Length and sequence heterozygosity differentially affect HRAS1 minisatellite stability during meiosis in yeast

Peter A. Jauert, David T Kirkpatrick

Research output: Contribution to journalArticle

5 Citations (Scopus)

Abstract

Minisatellites, one of the major classes of repetitive DNA sequences in eukaryotic genomes, are stable in somatic cells but destabilize during meiosis. We previously established a yeast model system by inserting the human Ha-ras/HRAS1 minisatellite into the HIS4 promoter and demonstrated that our system recapitulates all of the phenotypes associated with the human minisatellite.
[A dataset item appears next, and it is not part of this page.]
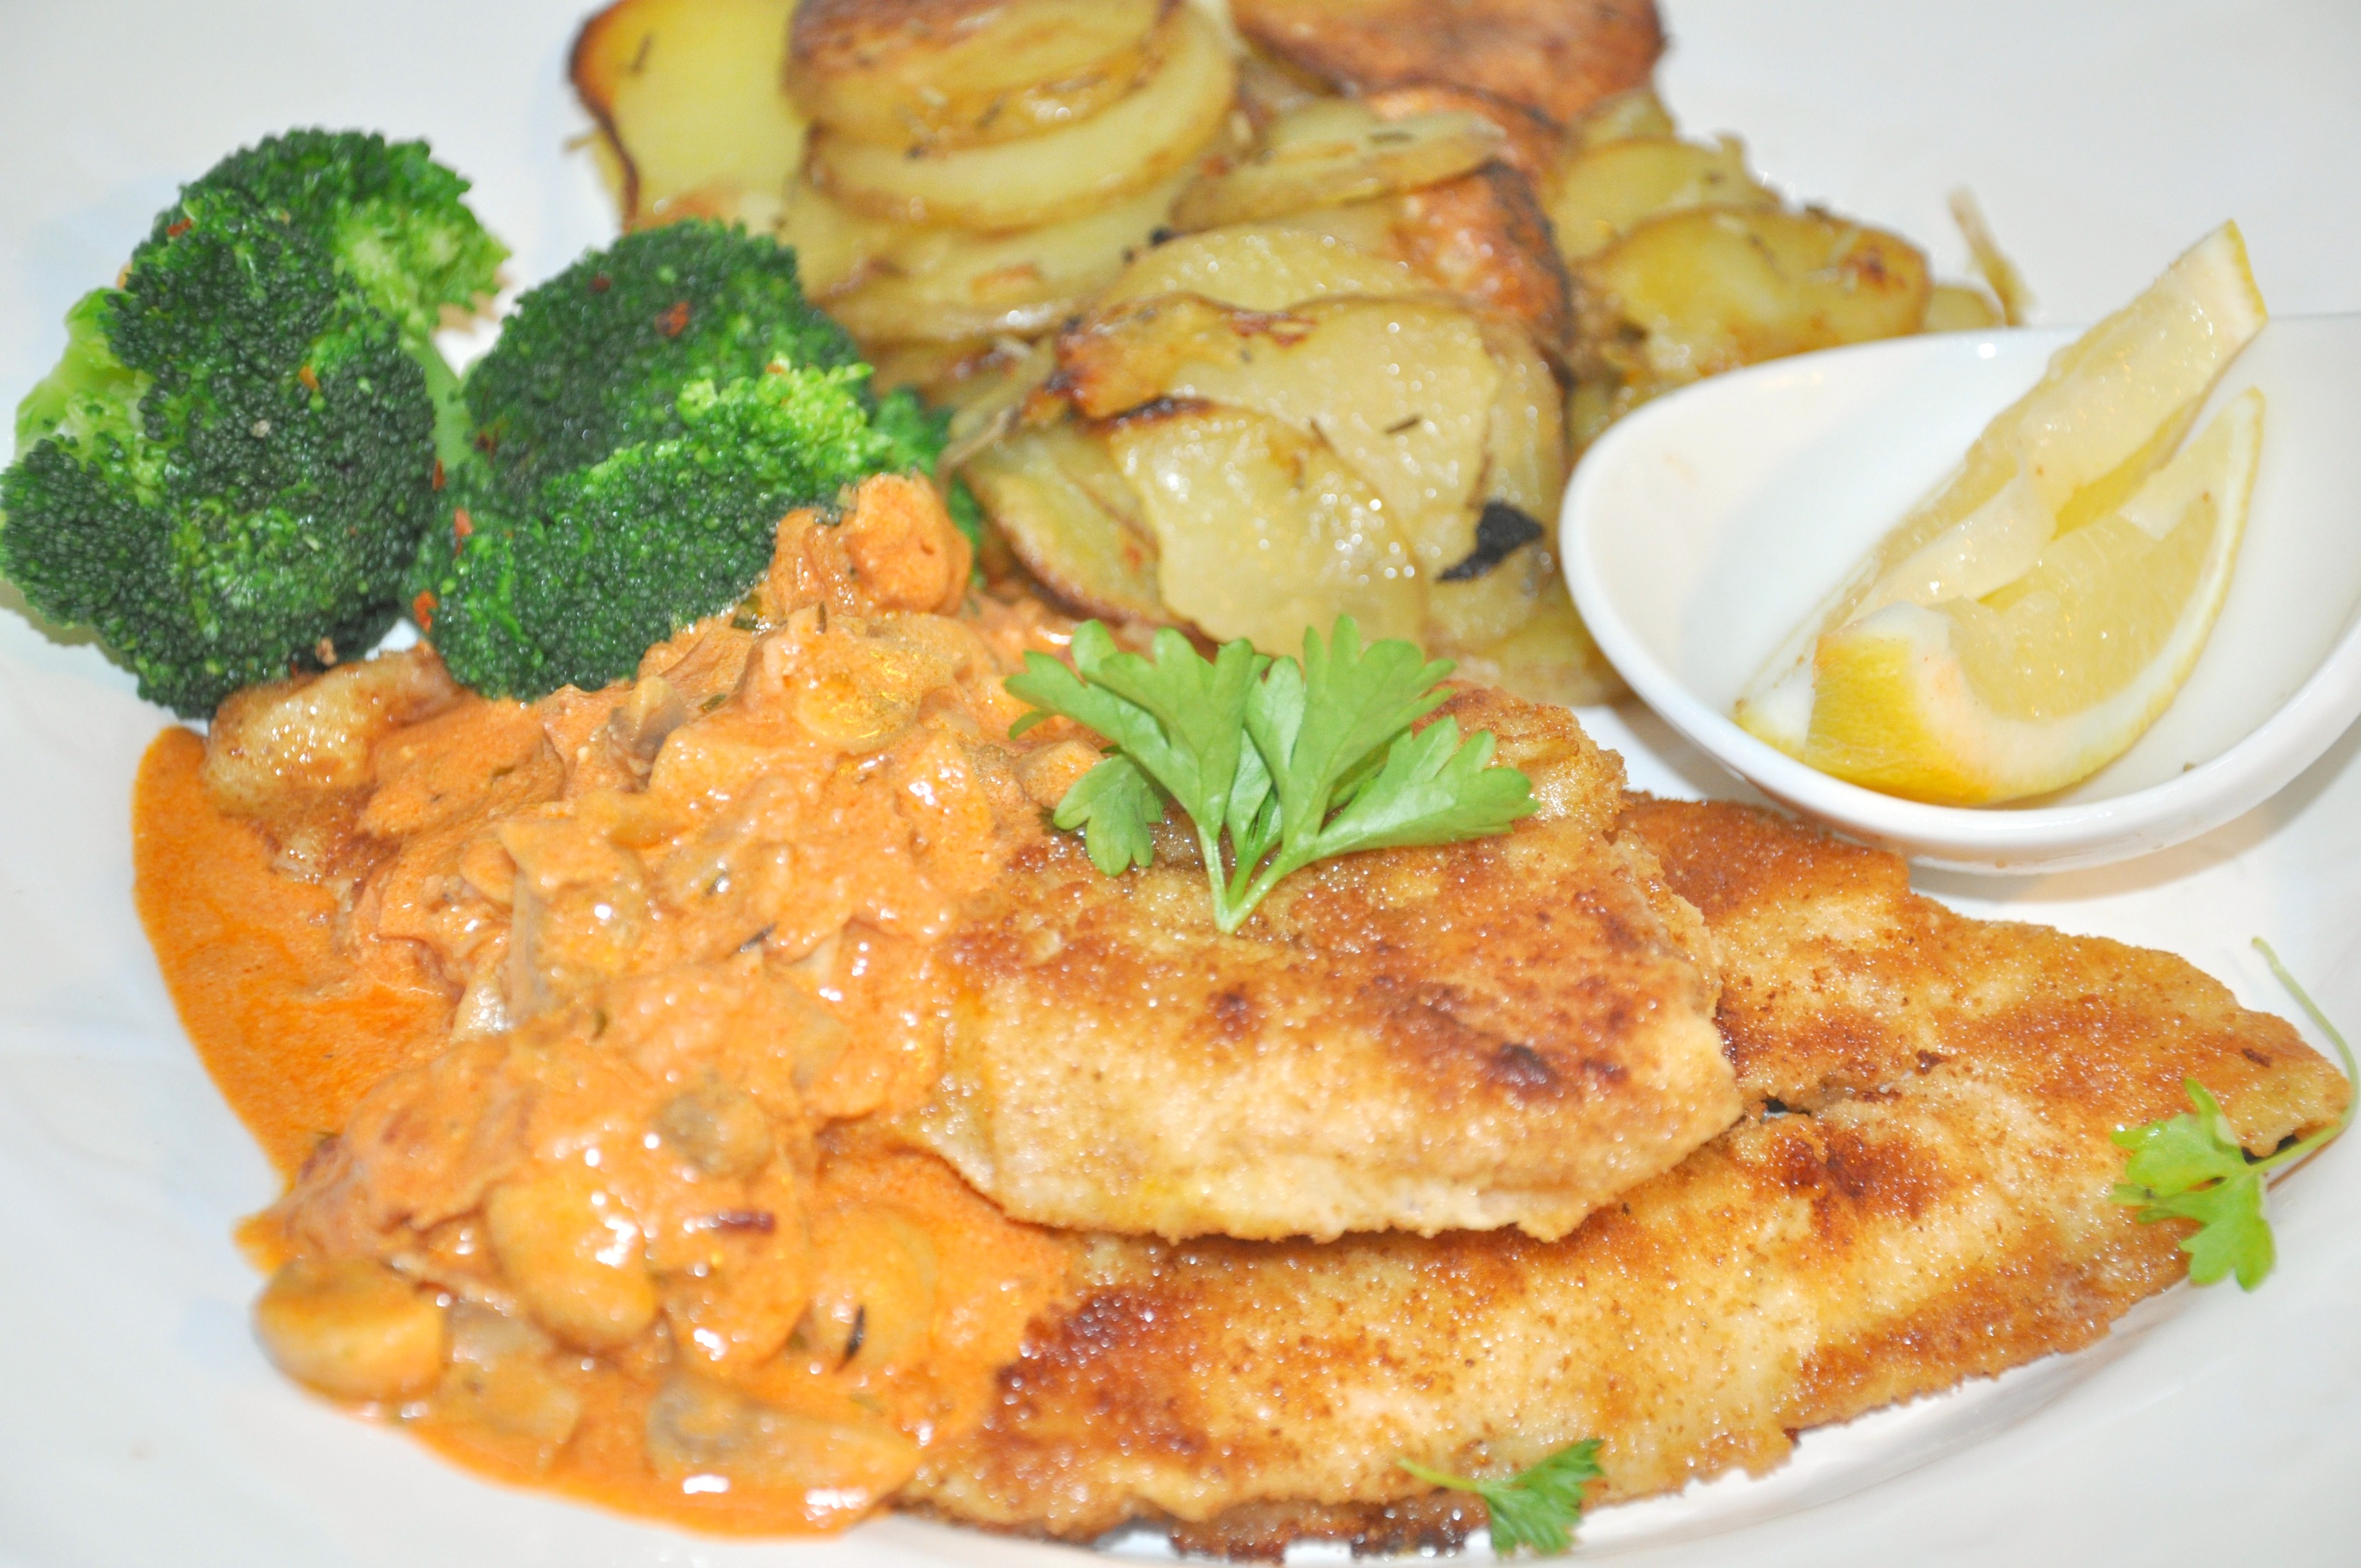 kycklingschnitzel-med-jagarsas-ugnsrostad-potatis-broccoli
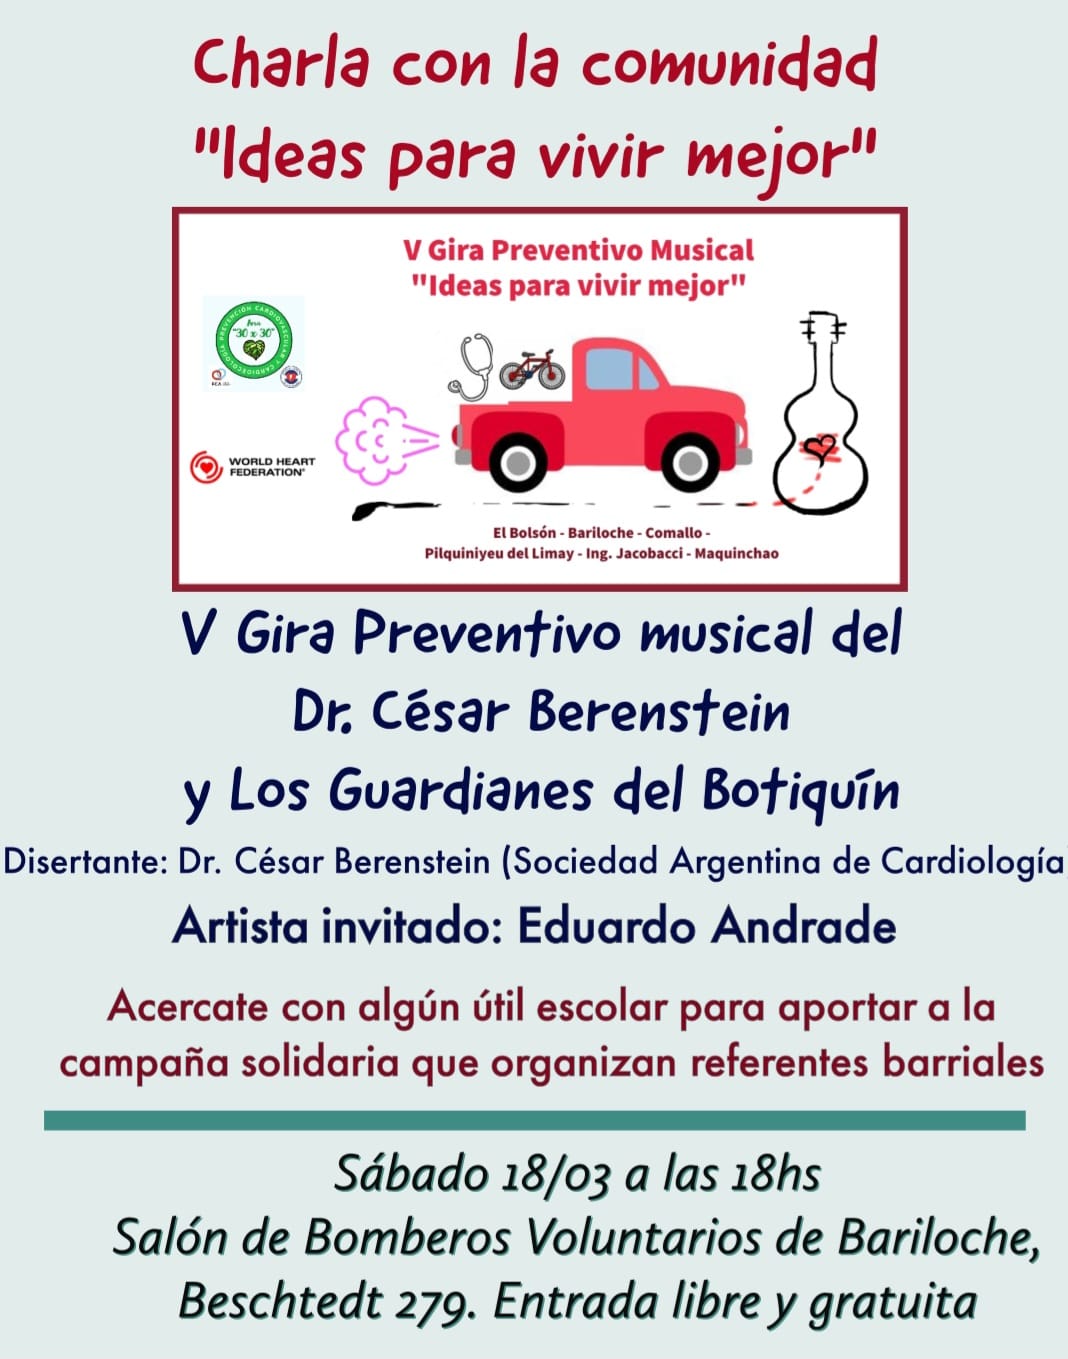 Invitan a la comunidad de Bariloche a la charla “Ideas para vivir mejor”

Here we demonstrate that meiotic minisatellite tract-length changes are half as frequent in diploid cells harboring heterozygous HRAS1 minisatellite tracts in which the two tracts differ by only two bases when compared to a strain with homozygous minisatellite tracts. Further, this decrease in alteration frequency is entirely dependent on DNA mismatch repair. In contrast, in a diploid strain containing heterozygous minisatellite tract alleles differing in length by three complete repeats, length alterations are observed at twice the frequency seen in a strain with homozygous tracts. Alterations consist of previously undetectable gene conversion events, plus nonparental length alteration events seen previously in strains with homozygous tracts. A strain containing tracts with both base and length heterozygosity exhibits the same level of alteration as a strain containing only length heterozygosity, indicating that base heterozygosity-dependent tract stabilization does not affect tract-length alterations occurring by gene conversion.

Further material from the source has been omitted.